Don't peek at results. Checking results daily creates bias. You see variant is up 12% after 3 days, get excited, want to declare winner. But daily variation is normal. What looks like a 12% win after 3 days might be a 2% loss after 14 days. Set a calendar reminder for when the test reaches required sample size, then check results once.
If you absolutely must check (for example, to catch implementation errors), check weekly maximum and set a strict "no decisions until completion" rule. Looking is fine, acting on what you see is not.
Don't stop tests early based on results. "Variant is losing after 5 days, let's stop the test." Unless you set pre-defined stopping rules (variant worse by >20% at 50% sample size), run the full test. Early results are noise. Only exception: technical problems (page broken, tracking failed) warrant stopping.
Don't change tests mid-run. "Variant isn't winning, let's tweak the headline slightly." Now you've invalidated the test. Results are meaningless because you don't know which version drove outcomes. If you think of an improvement mid-test, document it as the next test, don't change the current one.
Don't add post-hoc success metrics. "Conversion didn't improve but scroll depth did, so it's a success." No. You defined primary metric before testing. Stick to it. You can note secondary metrics for learning, but don't retroactively redefine success.

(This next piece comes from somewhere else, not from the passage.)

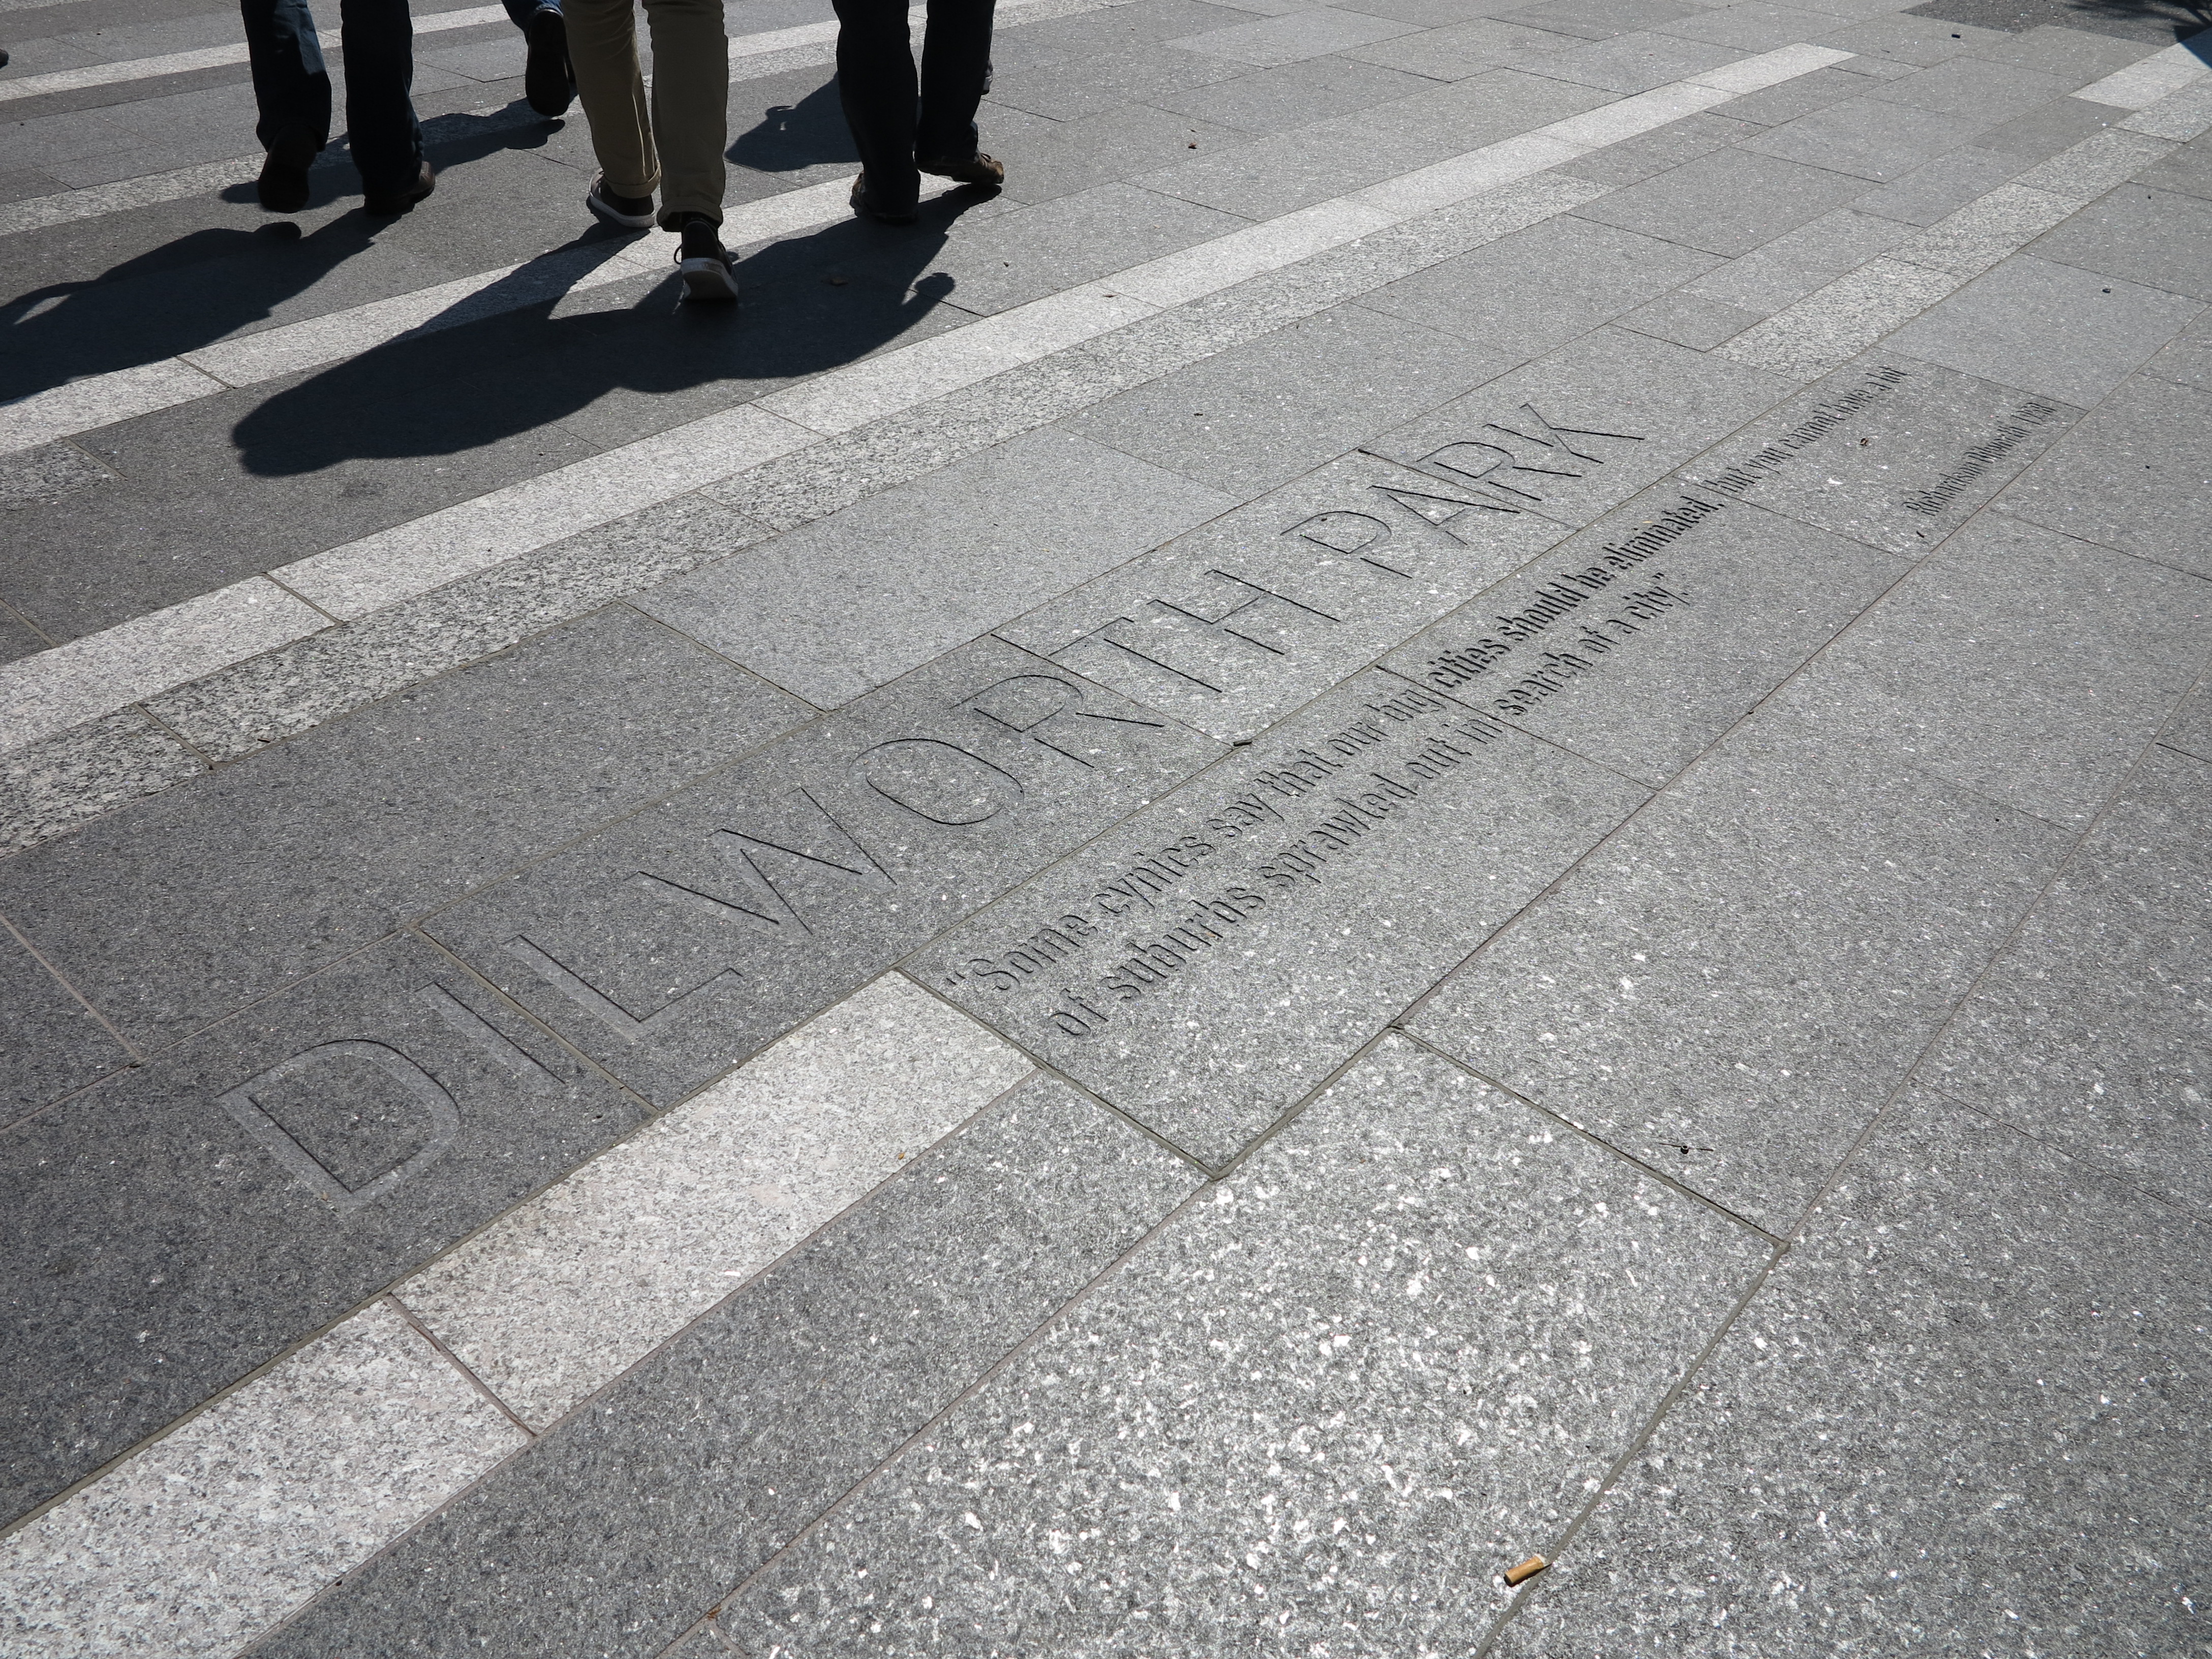 Dilworth Park, etched in stone

Don't ignore statistical significance. "Variant is up 8% but only 90% confidence, close enough." Either set your threshold at 90% before testing, or wait for 95%. Don't change standards based on what's convenient.
The discipline: write down your test plan (hypothesis, success criteria, sample size, duration) before starting. When you want to stop early or change something, re-read your test plan. Follow it.